Dynamic pain connectome functional connectivity and oscillations reflect multiple sclerosis pain.

机构信息

Division of Brain, Imaging, and Behaviour-Systems Neuroscience, Krembil Brain Institute, Krembil Research Institute, Toronto Western Hospital, University Health Network, Toronto, ON, Canada.

Institute of Medical Science, University of Toronto, Toronto, ON, Canada.

出版信息

Pain. 2018 Nov;159(11):2267-2276. doi: 10.1097/j.pain.0000000000001332.

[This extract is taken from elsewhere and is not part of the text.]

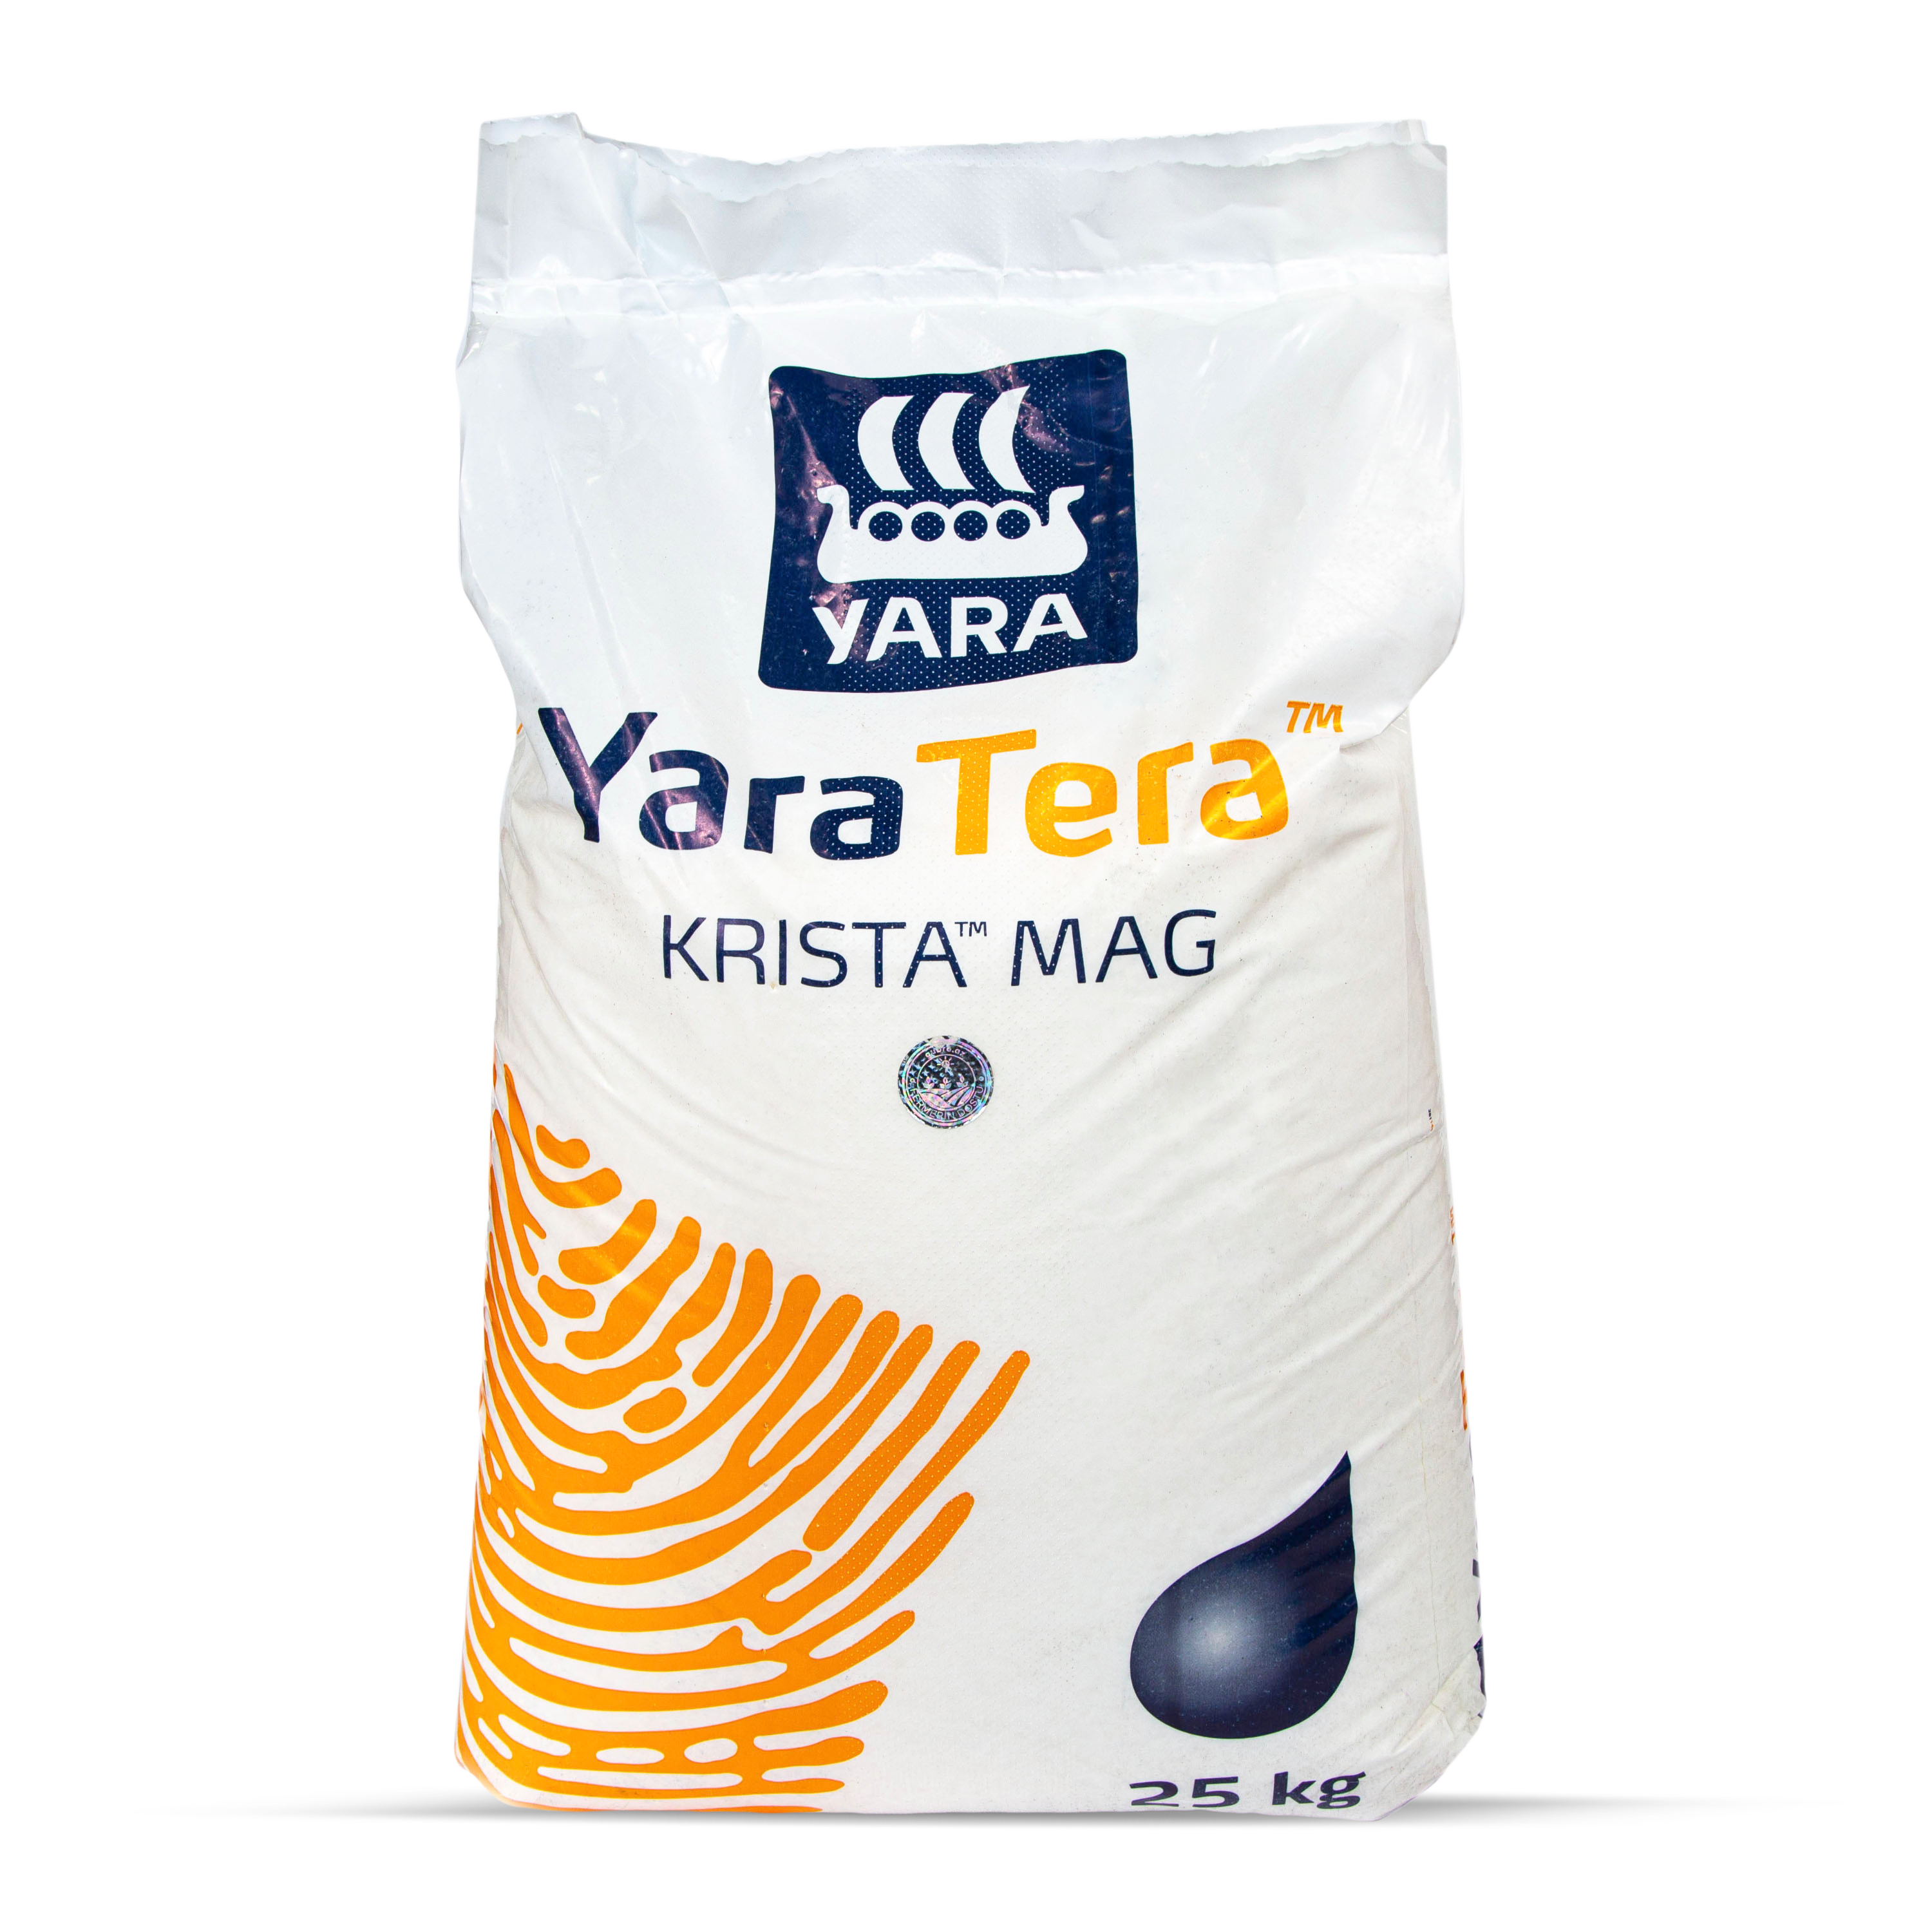 Maqnezium nitrat YaraTera Krista MAG / 11-0-0 + 15 MgO / Yara Suomi Oy  / 25 kq, kq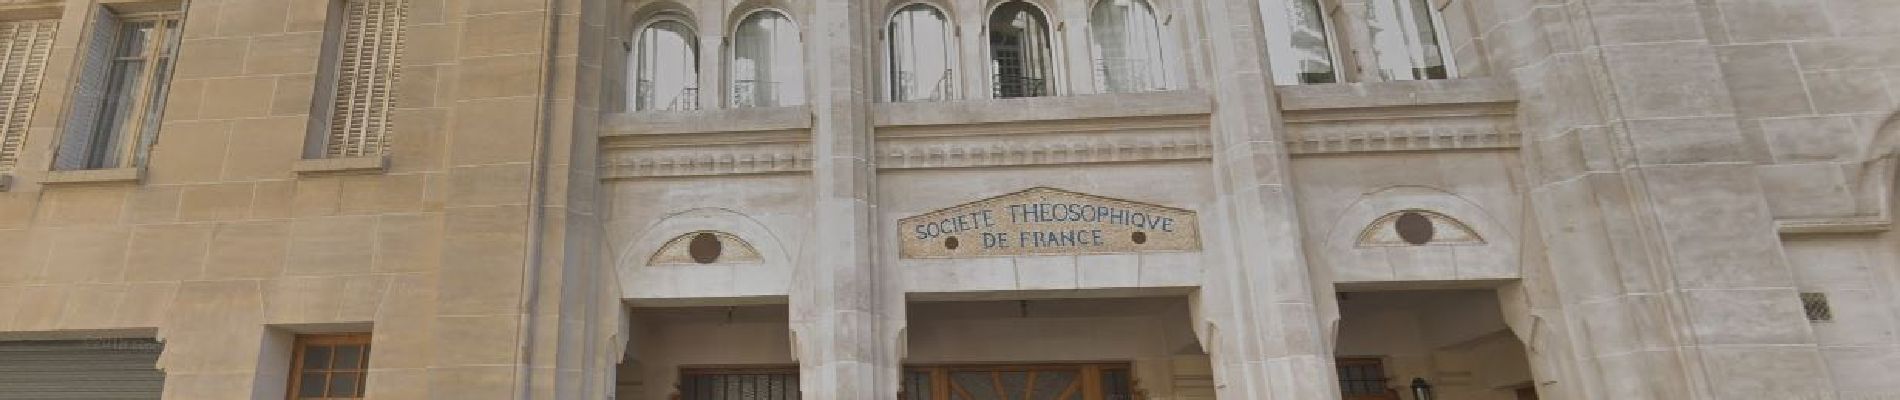 Point d'intérêt Paris - Immeuble de la societé Théosophique de France - Photo

DOI:10.1097/j.pain.0000000000001332
PMID:29994989
Abstract

Pain is a prevalent and debilitating symptom of multiple sclerosis (MS); yet, the mechanisms underlying this pain are unknown. Previous studies have found that the functional relationships between the salience network (SN), specifically the right temporoparietal junction a SN node, and other components of the dynamic pain connectome (default mode network [DMN], ascending and descending pathways) are abnormal in many chronic pain conditions. Here, we use resting-state functional magnetic resonance imaging and measures of static and dynamic functional connectivity (sFC and dFC), and regional BOLD variability to test the hypothesis that patients with MS have abnormal DMN-SN cross-network sFC, dFC abnormalities in SN-ascending and SN-descending pathways, and disrupted BOLD variability in the dynamic pain connectome that relates to pain inference and neuropathic pain (NP). Thirty-one patients with MS and 31 controls completed questionnaires to characterize pain and pain interference, and underwent a resting-state functional magnetic resonance imaging scan from which measures of sFC, dFC, and BOLD variability were compared. We found that (1) ∼50% of our patients had NP features, (2) abnormalities in SN-DMN sFC were driven by the mixed-neuropathic subgroup, (3) in patients with mixed NP, dFC measures showed that there was a striking change in how the SN was engaged with the ascending nociceptive pathway and descending modulation pathway, (4) BOLD variability was increased in the DMN, and (5) the degrees of sFC and BOLD variability abnormalities were related to pain interference. We propose that abnormal SN-DMN cross-network FC and temporal dynamics within and between regions of the dynamic pain connectome reflect MS pain features.

摘要

疼痛是多发性硬化症(MS)的一种普遍且使人虚弱的症状;然而,这种疼痛的机制尚不清楚。先前的研究发现,突显网络(SN)的功能关系,特别是右侧颞顶联合作为 SN 节点,以及动态疼痛连接组(默认模式网络 [DMN]、上行和下行通路)的其他组成部分,在许多慢性疼痛情况下都是异常的。在这里,我们使用静息态功能磁共振成像和静态和动态功能连接(sFC 和 dFC)的测量值,以及区域 BOLD 变异性来检验以下假设:MS 患者的 DMN-SN 跨网络 sFC 异常、SN-上行和 SN-下行通路的 dFC 异常,以及与疼痛推断和神经性疼痛(NP)相关的动态疼痛连接组中的 BOLD 变异性中断。31 名 MS 患者和 31 名对照者完成了问卷以描述疼痛和疼痛干扰,并进行了静息态功能磁共振成像扫描,从中比较了 sFC、dFC 和 BOLD 变异性的测量值。我们发现:(1)约 50%的患者有 NP 特征;(2)SN-DMN sFC 的异常是由混合神经性亚组驱动的;(3)在混合 NP 患者中,dFC 测量值表明 SN 与上行伤害感受通路和下行调制通路的连接方式发生了明显变化;(4)DMN 中的 BOLD 变异性增加;(5)sFC 和 BOLD 变异性异常的程度与疼痛干扰有关。我们提出,SN-DMN 跨网络 FC 异常和动态疼痛连接组中区域内和区域间的时间动态反映了 MS 疼痛特征。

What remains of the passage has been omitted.